O nome do debate no sábado (22) à noite do Fliaraxá já era uma frase poética: “Escrever o sentimento do mundo”. Claro, remetia aos versos de Carlos Drummond de Andrade na poesia que deu nome ao seu livro de 1940. “Tenho apenas duas mãos e o sentimento do mundo”, escreveu o itabirano. E as mãos que foram escolhidas para debater o tema já vinham carregadas de significado. A negritude da mineira Conceição Evaristo e a africanidade de José Eduardo Agualusa.

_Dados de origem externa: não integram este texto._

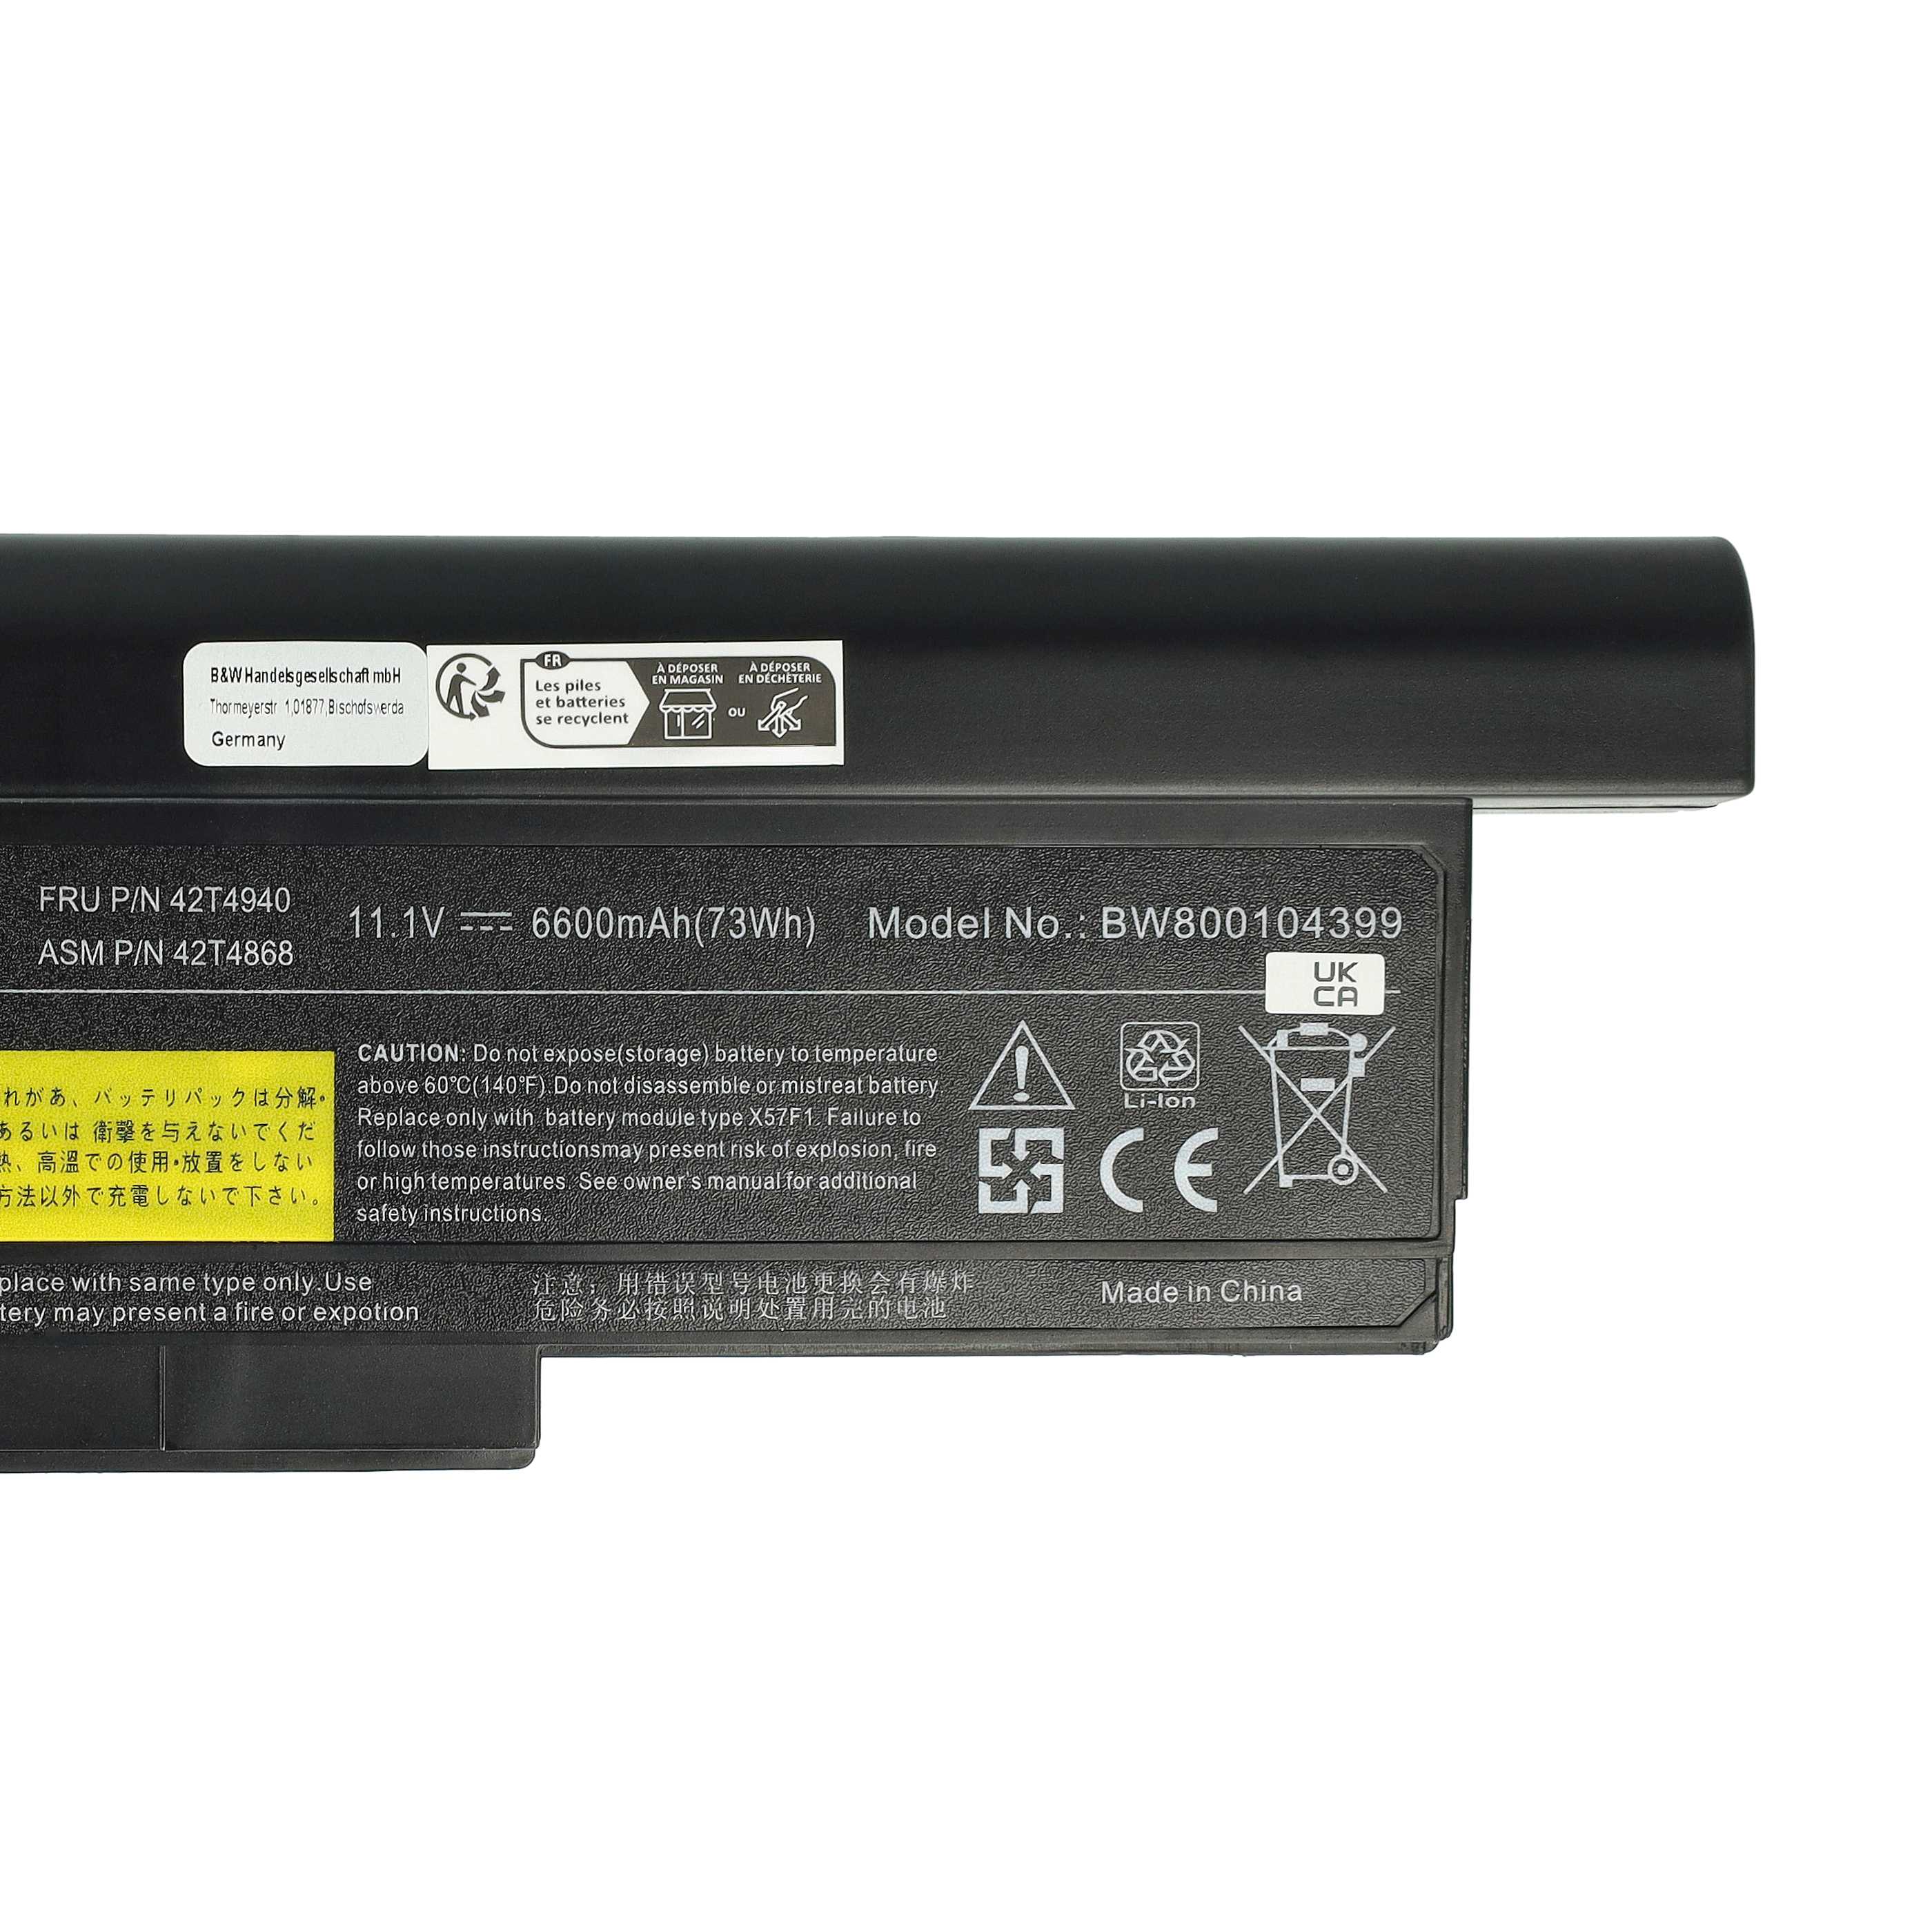 Batterie remplace Lenovo 0A36283, 0A36281, 0A36282 pour ordinateur portable - 6600mAh 10,8V Li-ion, noir

É a primeira vez que Conceição participa do Fliaraxá. E foi recebida com um entusiasmo inusitado. Ao ser anunciada, recebeu os aplausos de uma plateia de pé, emocionada, que não esperava suas palavras, já reverenciavam sua história de vida, sua obra, sua existência. A ênfase do público arrancou uma brincadeira de Agualusa: “Sei que todos estão aqui pra ouvir a Conceição”. E emendou num misto de humildade e reverência: “E eu também”. O escritor angolano contou que há pouco tempo num festival literário, na cidade francesa de Toulouse, presenciou a mesma emoção do público ao ver Evaristo.
Ouça o podcast sobre a mesa “Escrever o sentimento do mundo”
“Infelizmente, minha literatura foi reconhecida primeiro fora do Brasil e só assim me respeitaram por aqui”, contou a escritora, que disse que o preconceito contra os negros no Brasil está em todos os lugares, “há uma inteligência que não acredita na mulher negra brasileira”. Levando o público às gargalhadas, disse que agora “está lacrando”.
A escritora contou que gosta muito de voltar a Minas. “Saí da minha casa (no Morro do Cafezal, em Belo Horizonte), mas carrego comigo meus princípios, minha vida”. Perguntada, pela mediadora Leila Ferreira, sobre o significado da palavra na sua vida, Conceição remeteu-se aos tempos de infância, “minha casa tinha uma chuva de palavras. Mineiro adora contar histórias e minha mãe ficava mostrando as nuvens e inventando contos a partir delas e nasceu ali o meu encantamento”. Ela falou também da importância das suas referências literárias e dos poemas de Drummond, que foi o primeiro poeta que leu na vida. Citou também os textos de Jorge Amado, “principalmente os livros que escreveu quando era comunista”.
Memória
“Nós afrodescendentes somos especialistas em usar a memória. E a literatura é que possibilita externar essas lembranças”, falou Agualusa. Para ele, “o Brasil tem sido cobrado à uma revolução. E quando pensamos que estamos vivendo uma, ocorre algo monstruoso como a situação atual”. Contou que no exterior se tem uma noção mais clara do que acontece no Brasil. “Não acho que aqui seja entre direita e esquerda, aqui é uma luta entre inteligência e estupidez, entre civilização e barbárie”.
O escritor disse acreditar que o Brasil nunca foi descolonizado. “Os descendentes da família real nunca saíram do poder”. O angolano disse os negros nunca foram incorporados na sociedade. “Essa sala mesmo não representa o Brasil”, provocou.